4. Task4 Development of Power Generation Technology

4.1 Targets for Research and Development

Considering the development of a hydrogen combustion diesel engine (600kW scale system) having about 45% thermal efficiency at terminal and 85% total thermal efficiency, the following targets shall be achieved in the second stage of this project.

(1) Development of a single-cylinder hydrogen combustion diesel engine rated 100kW for co-generation system. This engine having about 45% efficiency at terminal and more than 85% total efficiency(higher heating value basis), if converted into 600kW scale system, shall be free of any emission of environmental pollution.

(2) Development and continuous test operation shall be performed and problems shall be picked up to realize the engine as practical use. To achieve the above mentioned targets, the development of element technologies, basic tests, and the investigation of the single-cylinder experimental engine system, shall be conducted in fiscal 1999.

4.2 Result of Investigation and Development in Fiscal 1999

4.2.1 Development of Element Technologies

4.2.1.1 Development of Hydrogen Injection Facilities

(1) Study of Hydrogen Injection Valve

To develop the hydrogen injection facilities for a 100kW scale argon circulated type single-cylinder hydrogen diesel experimental engine, the gas velocity at fuel injection nozzle, hydrogen jet reaching distance in the combustion chamber, and air excess ratio in the injection stream were calculated and the specifications for hydrogen injection nozzle were investigated.

As the result, it was found out that when the number of injection nozzles is the same as in the conventional diesel engine, using a three times larger diameter of the conventional diesel engine injection nozzle, nearly the same hydrogen reaching distance and excess oxygen ratio in hydrogen jets could be maintained.

(2) Investigation of Hydrogen Injection Control Method

As a pre-examination to develop hydrogen injection devices for the single-cylinder test machine, the improvement of small amount gas injection metering characteristics was investigated and experimentally evaluated. By decreasing the volume of the oil piping between the electric solenoid valve and the actuating piston chamber of the electronic control type hydraulic hydrogen injection device developed for the rapid compression/expansion equipment, it was confirmed that up to about 1/3 of the specified injection rate could be controlled.

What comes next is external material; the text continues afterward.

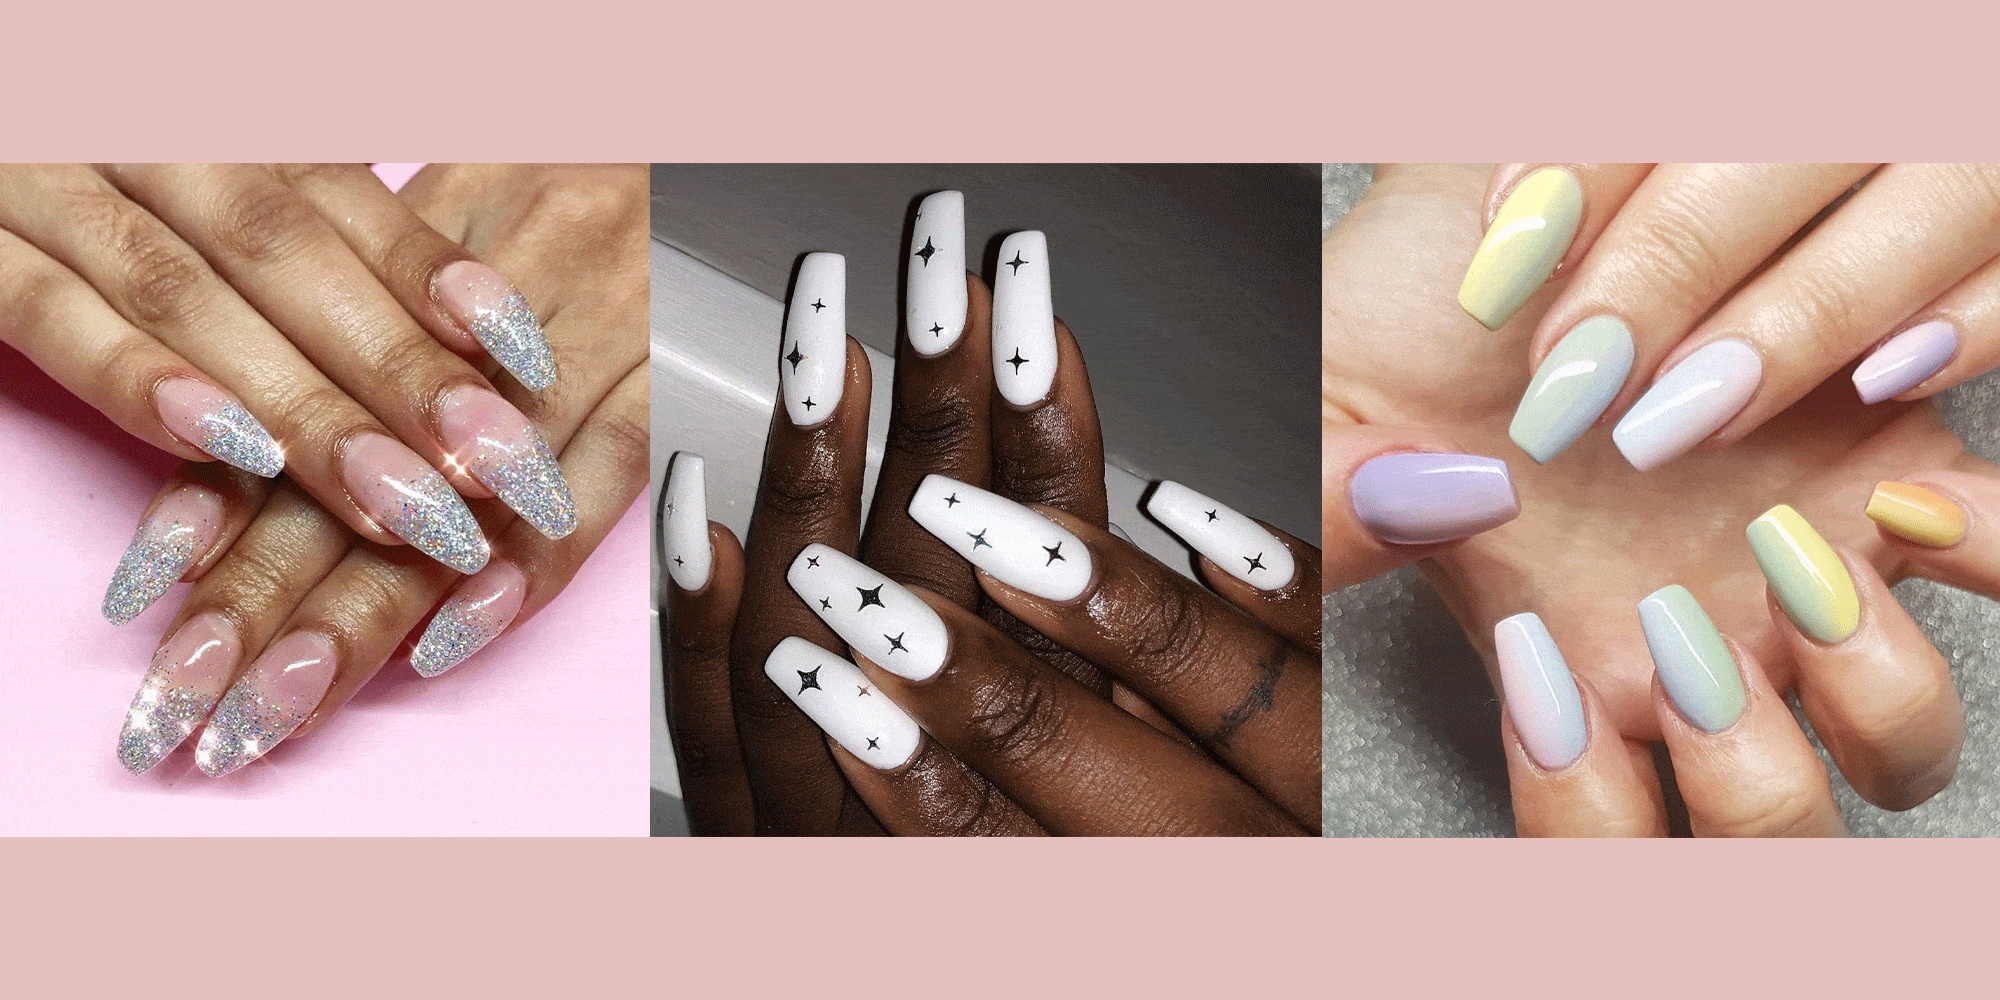 6 Different Acrylic Nail Shapes For You To Choose | by Aleksandrsmolin |  Medium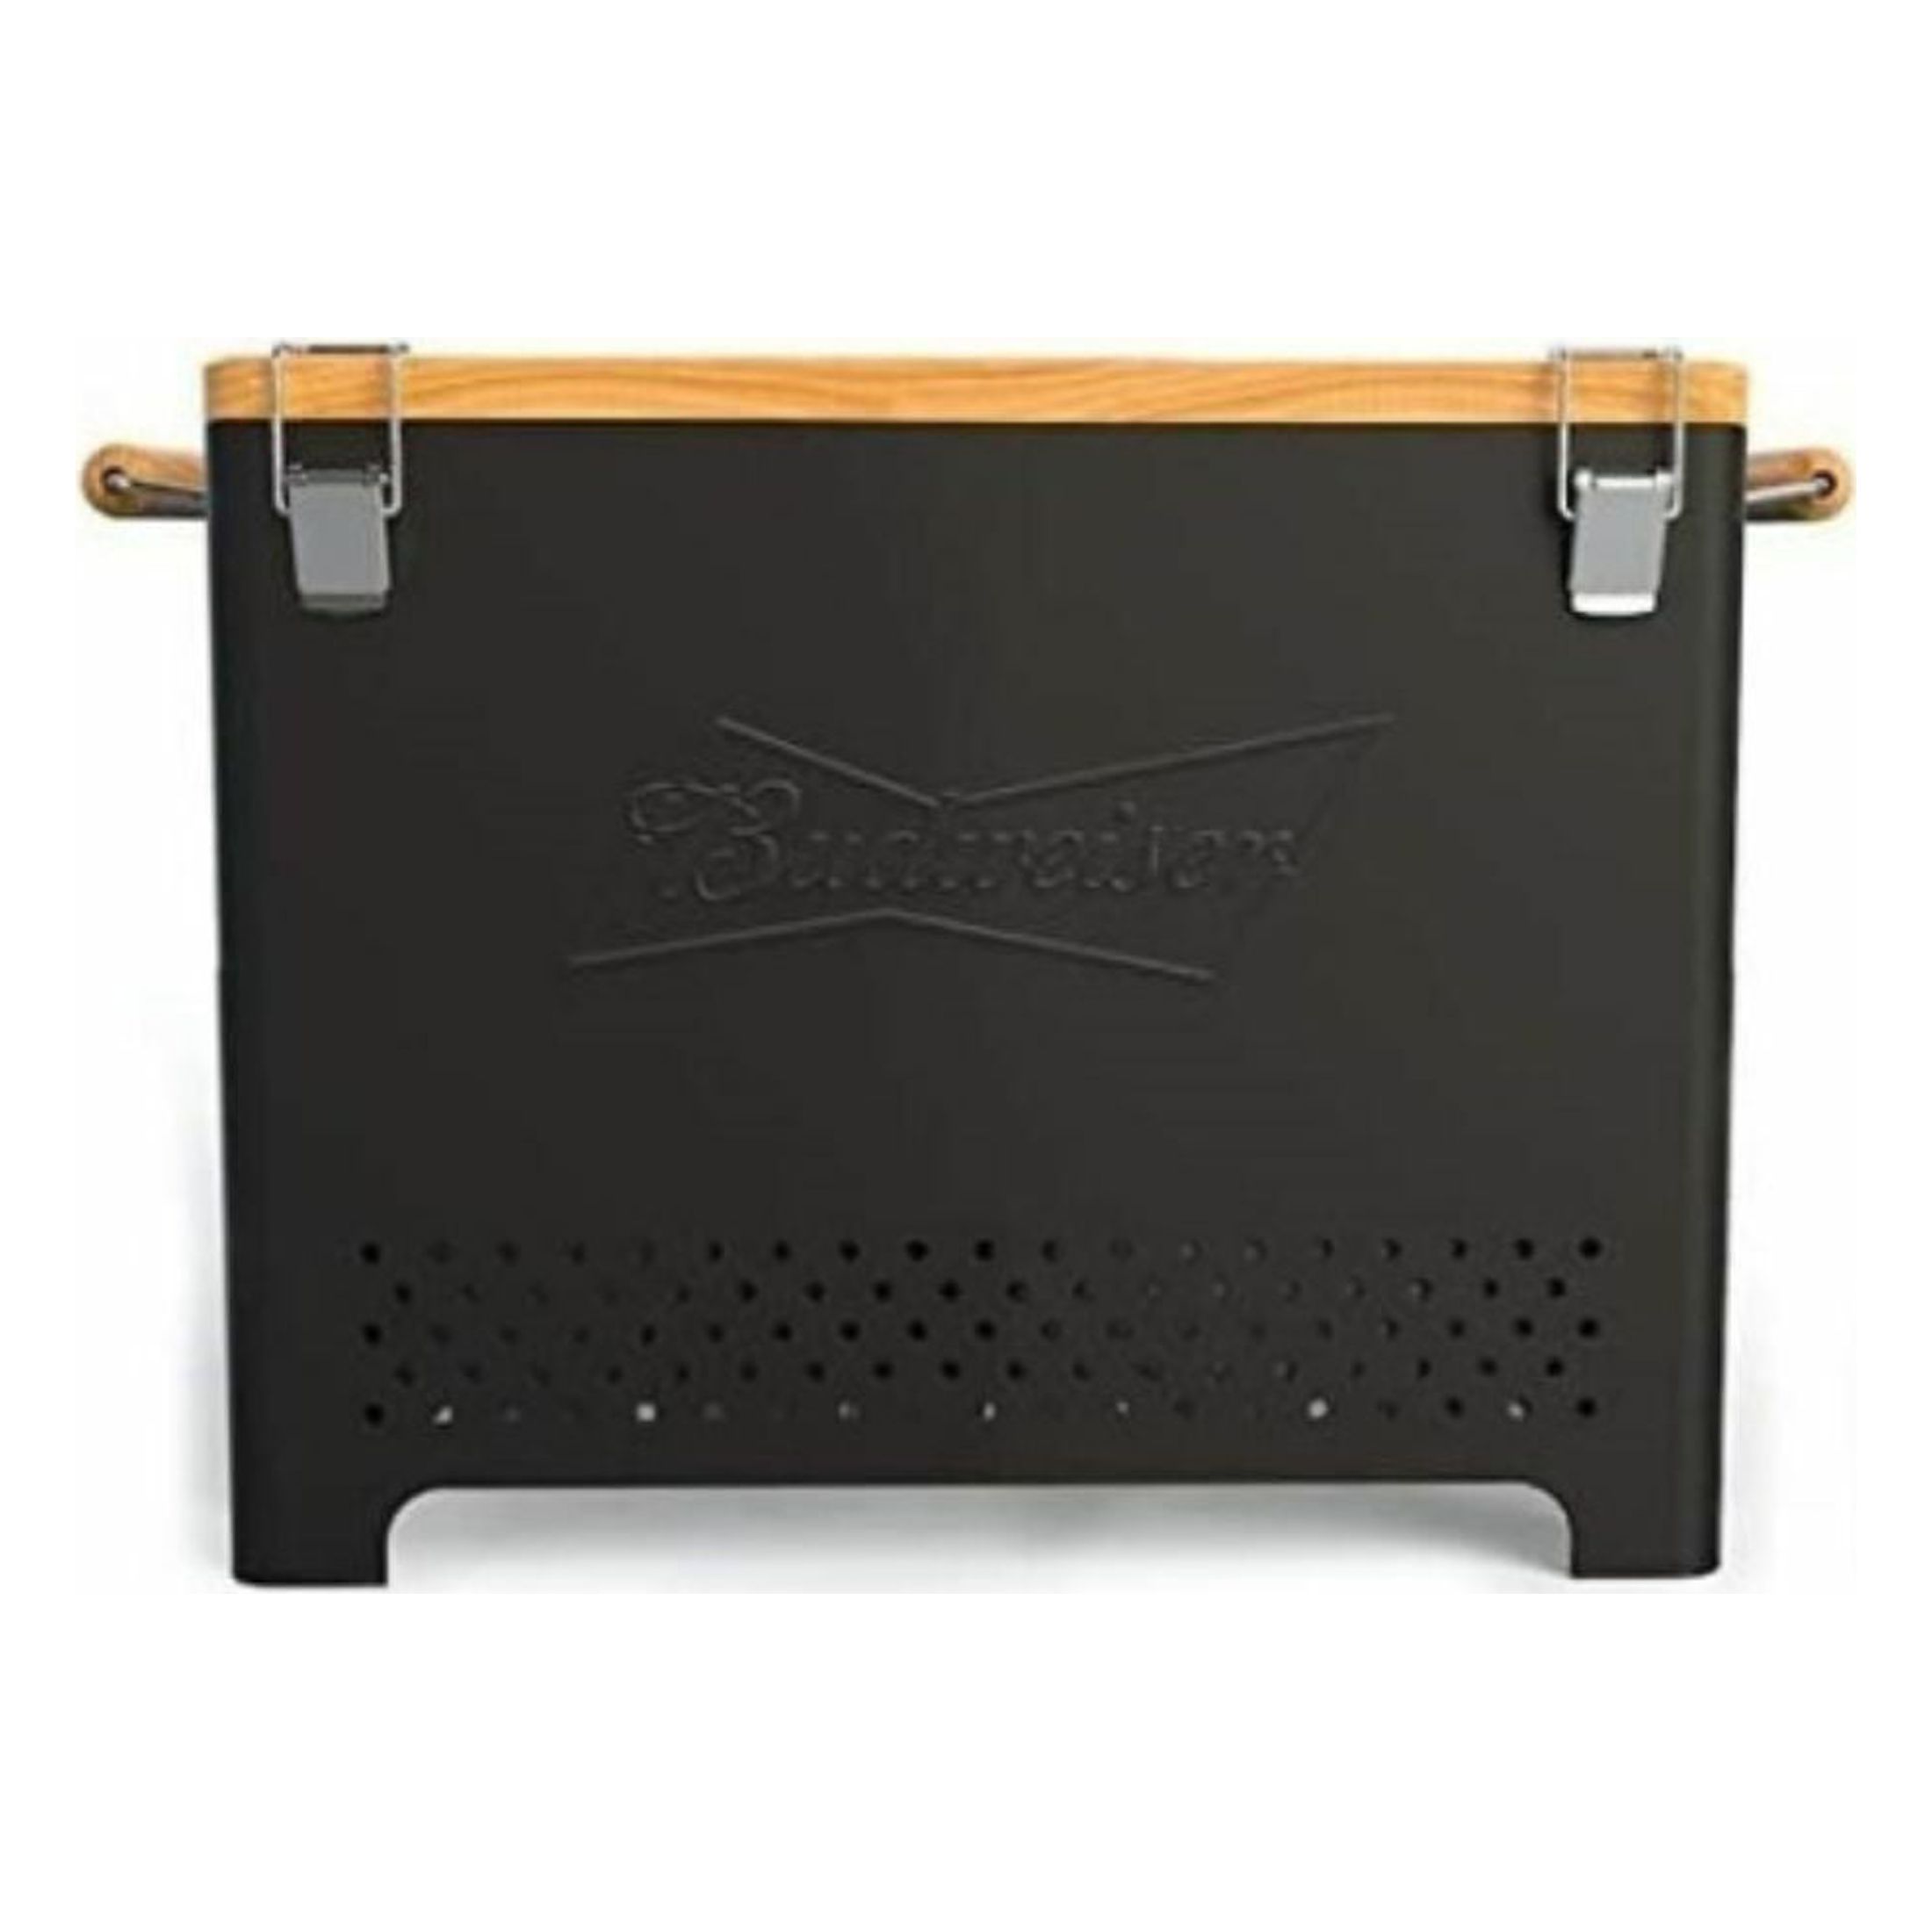 Budweiser Barbeque Charcoal Small Grill Set with Cutting Board - Black - image 3 of 3

4.2.1.2 Development of Exhaust Gas Condenser and Gas-Liquid Separator

The basic design of argon oxygen exhaust gas condenser which will be used at the 100kW scale argon circulated type single-cylinder hydrogen diesel engine was carried out, and the gas-liquid separator was selected.

Concerning the exhaust gas condenser, three types including a shell and tube type, a spiral plate type, and a plate type were compared and evaluated to obtain the most compact size. As the result, it was made clear that the required heat transfer area increases in the order of the plate type, the shell and tube type and the spiral plate type, and the pressure drop decreases in the same order.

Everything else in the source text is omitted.